Sir Ector, of course not believing any of this, plunged the sword back into the rock and asked Sir Kay to pull out the sword, who after failing at pulling the sword out admitted that Arthur was the one who pulled it out. Later on in his life though, some stories say that it was the Lady of the Lake who gave him the sword. Either way, he became King, and with the help of the Wizard Merlin, he defeated all those who opposed him. Arthur fell in love with Guinevere, and he married her. Guinevere’s parents gave Arthur the Round Table as part of her Dowry. The Table eventually became a symbol of the knights. But then Lancelot had a secret affair with Guinevere, which Mordred pointed out, and it disrupted the court.

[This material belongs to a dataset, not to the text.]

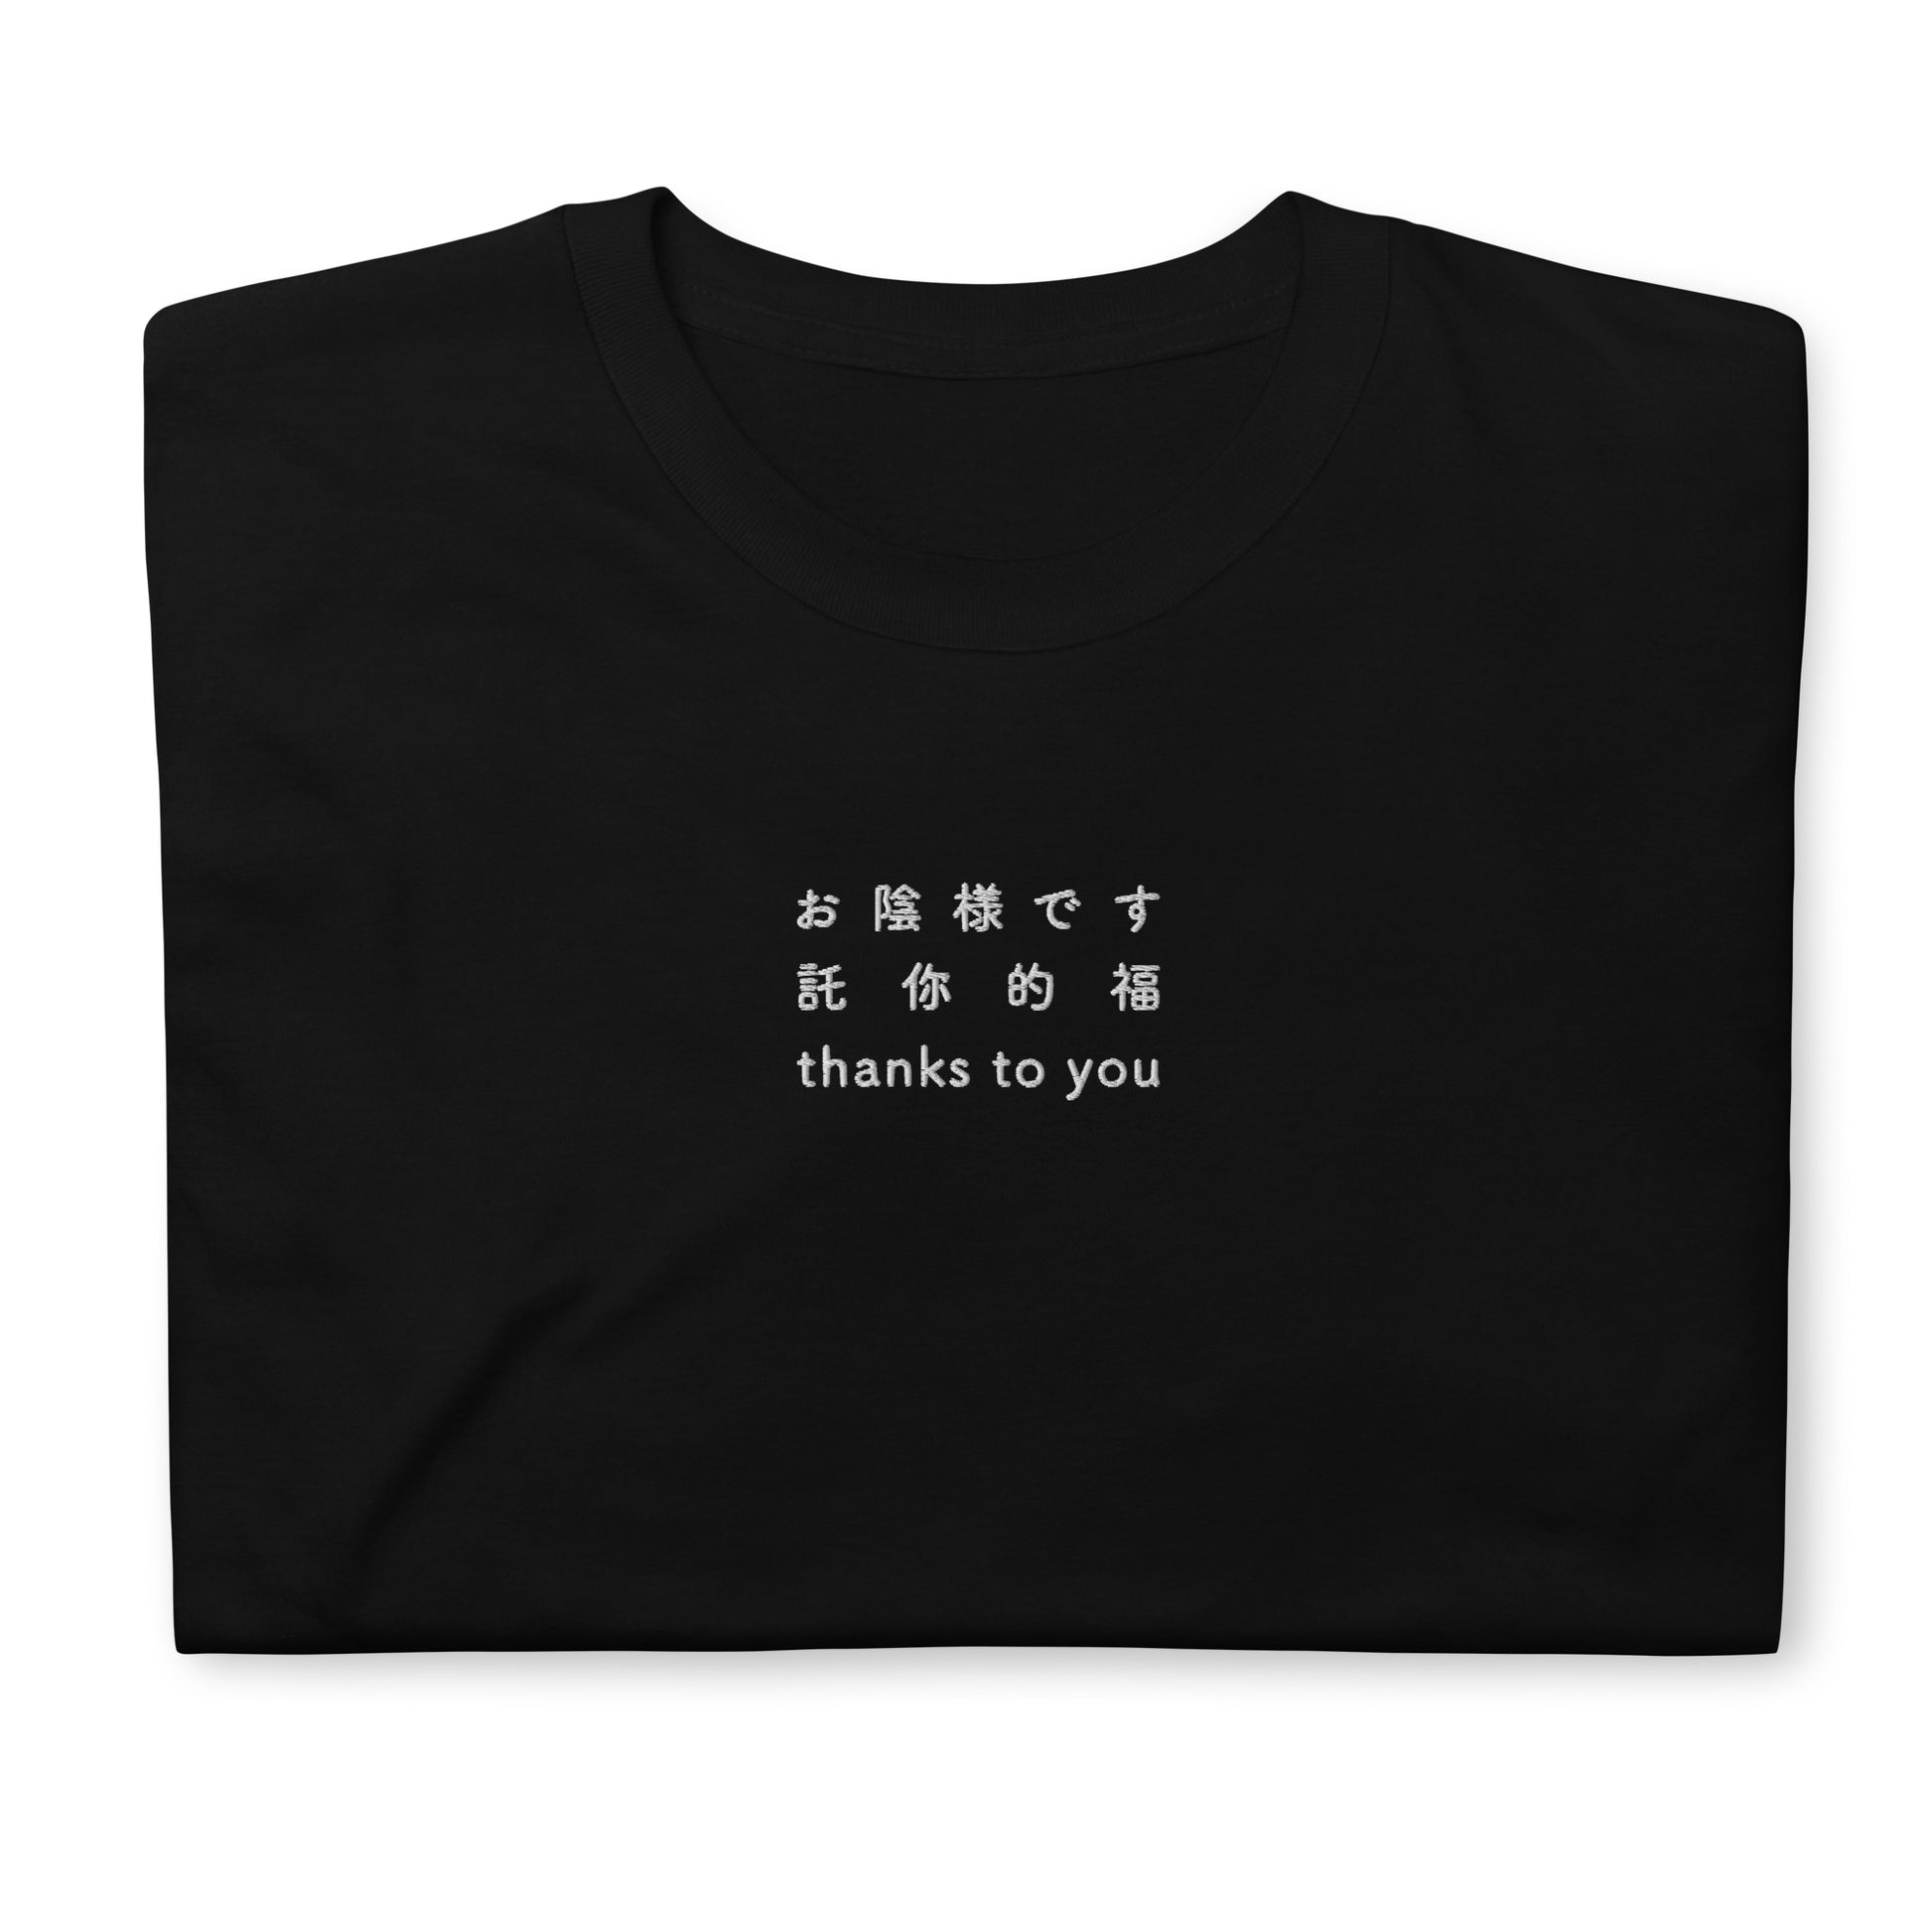 Black High Quality Tee - Front Design with an white Embroidery "thanks to you" in Japanese,Chinese and English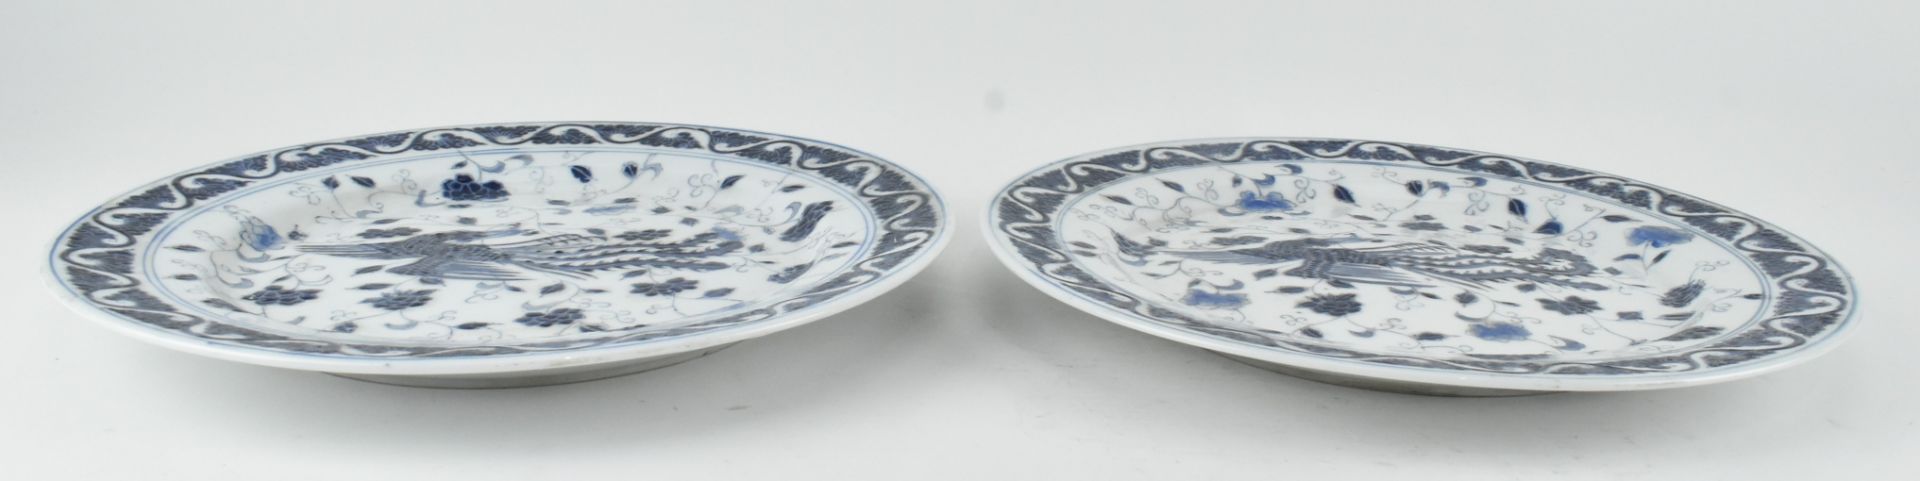 PAIR OF BLUE AND WHITE PHOENIX CHARGERS 晚清牡丹凤凰盘一对 - Image 4 of 6

When the armies met near the town of Salisbury, and the commanders came to talk peace terms, someone saw a snake in the grass and drew his sword, and in a flash, all the knights drew their weapons and fought each other. Arthur killed Mordred, but was mortally wounded himself. He asked the sole survivor Sir Bedivere to throw Excalibur into the lake. At first Bedivere was reluctant to do so, but he did eventually and a hand shot out of the lake and caught the sword. Then a mysterious barge appeared, and Bedivere put Arthur on it, and it carried him away to Avalon, a sacred island in the west. There he would be cared for by Morgan Le Fay and healed of his wounds. Legends say that he would return one day when England’s need of him was great.